List of record subcommands:
record btrace, record b -- Start branch trace recording.
record delete, record del, record d -- Delete the rest of execution log and start recording it anew.
...
(gdb) record save trace.rec
No recording is currently active.
Use the "record full" or "record btrace" command first.
(gdb) record full
Process record: the current architecture doesn't support record function.
(gdb) record btrace
Target does not support branch tracing.
Oh, well, - that would have been nice, but, no dice this time.
Then again, I'm aware that if you open the gdb tui, you'll get the assembly listing of the program wherever it has stopped, and if you s
tep here, you will step through the assembly commands one by one.
So I could conceivably do the following here:
- Set up a breakpoint at entry of
main
- Set up (somehow) an "exit point" at the return (or final instruction) of
main
- Tell
gdb
(somehow) "step through each assembly command (as in TUI) and record it in text file, from here (breakpoint) to the "exit point", then break again)
This should now get me a listing of actual execution (or at least, one possible path of it), so it would be known which paths branches have taken, and exactly how many CPU cycles those took - so it should be possible to obtain exact CPU cycle count for that particular function execution run.

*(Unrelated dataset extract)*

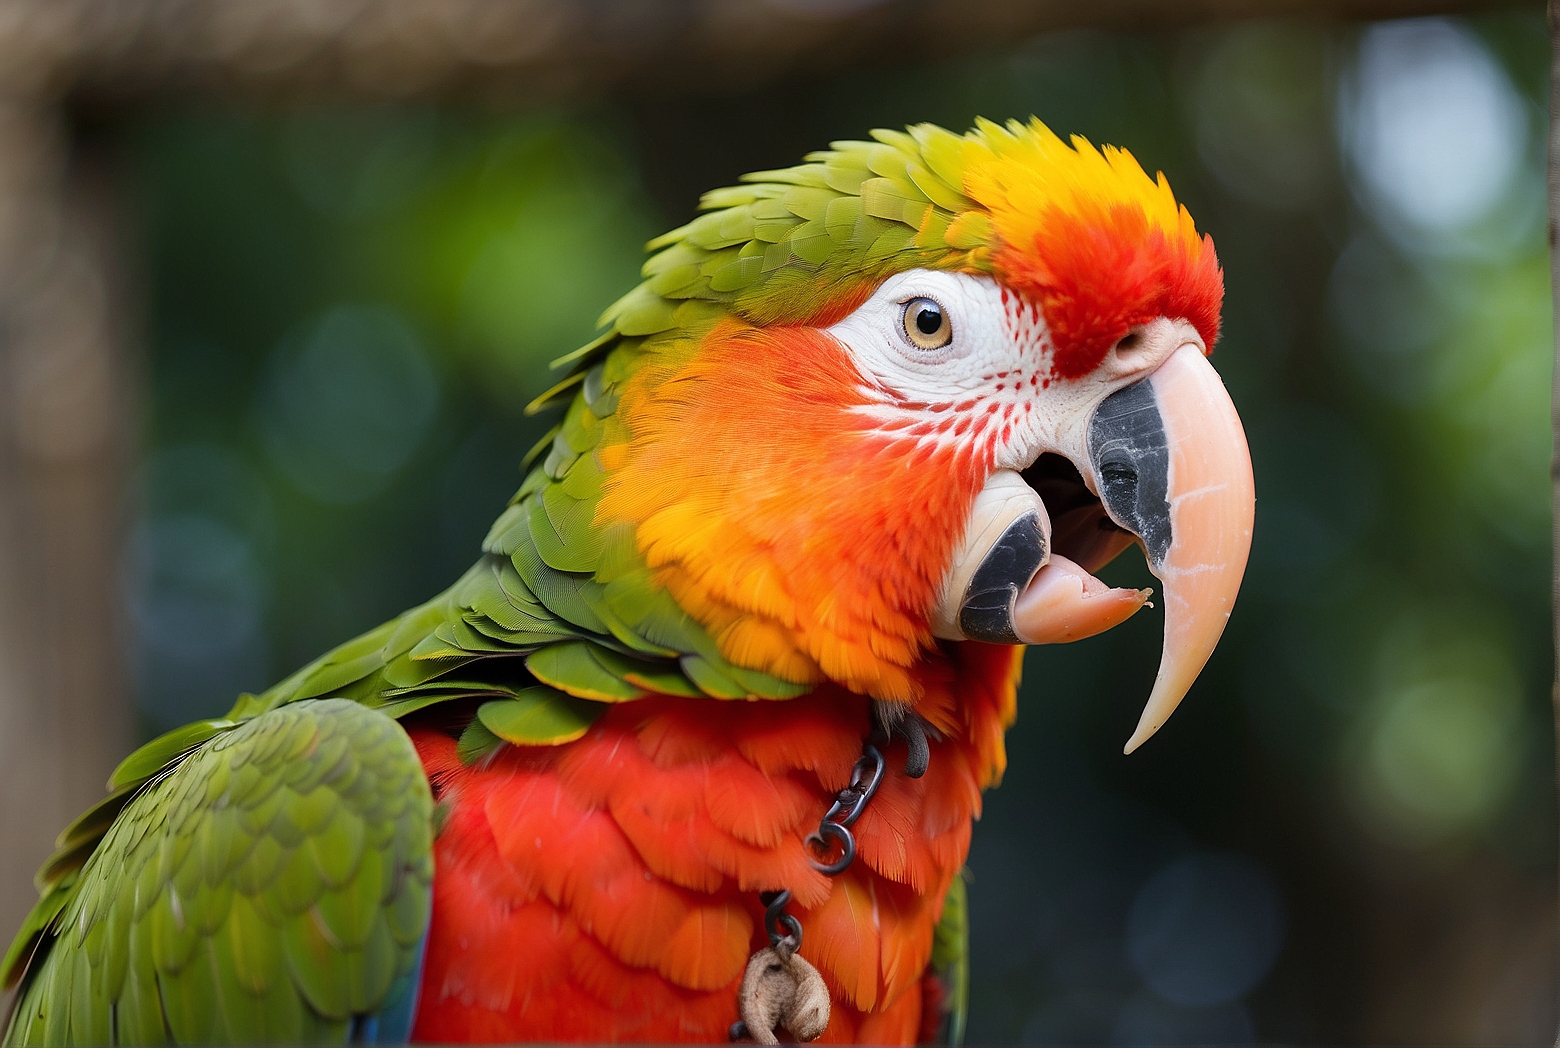 Do Parrots Have Vocal Cords?
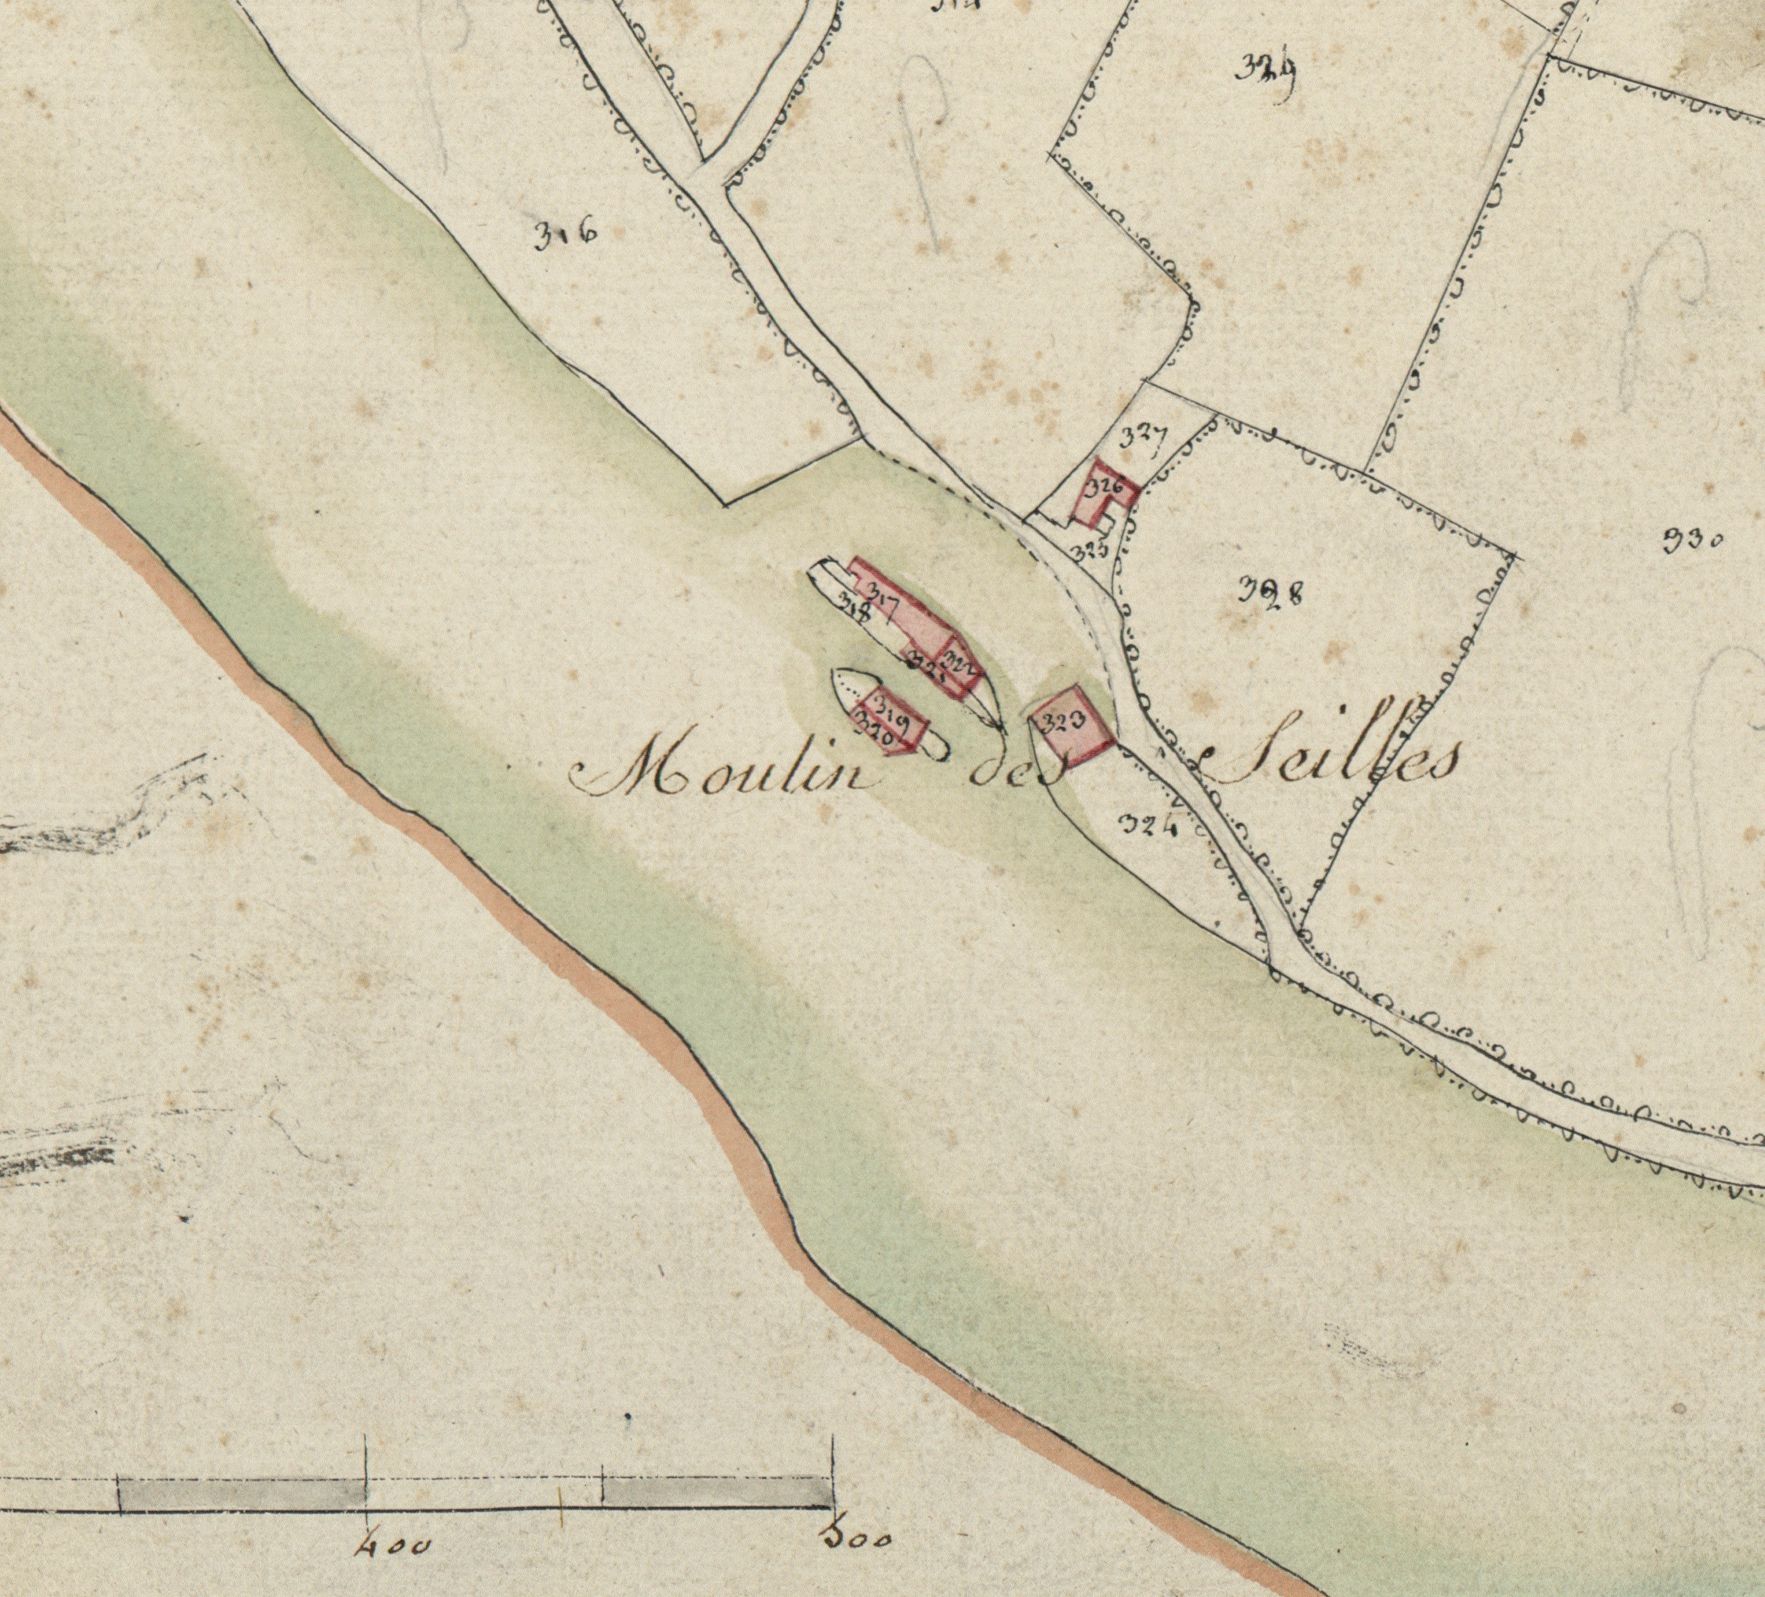 Le site des moulins des Seilles, extrait du cadastre de 1812.

Of course, I'm aware this will be slow (as the PC would have to "remotely" instruct the MCU to run, then stop, then run, etc), to the point of unusability (especially if some branches depend of live GPIO input values, that might change by the time gdb
got to the instruction that needs them) - but still, you'd get one actual execution path, and you can calculate exactly how many CPU cycles it had taken. So my second question is:
- Is there a tool (like
gdb
, others? ...) with an option, that could obtain, in a text file, a listing of assembly commands that live program code had gone through (i.e. a recording) at runtime for a given function call - and is there an option to calculate the total CPU cycle count utilization for that particular execution?
Note that I'm also aware that even without the "changing inputs" issue, the CPU cycle count sum obtained in this way might not correspond to the actual time taken in reality - since the function could be randomly pre-empted by an interrupt, and thus, "observed on an oscilloscope", it would take longer than what this kind of a CPU cycle count would suggest - but at least, this estimate would hold as a minimum duration due to the CPU cycle execution cost of that particular execution path.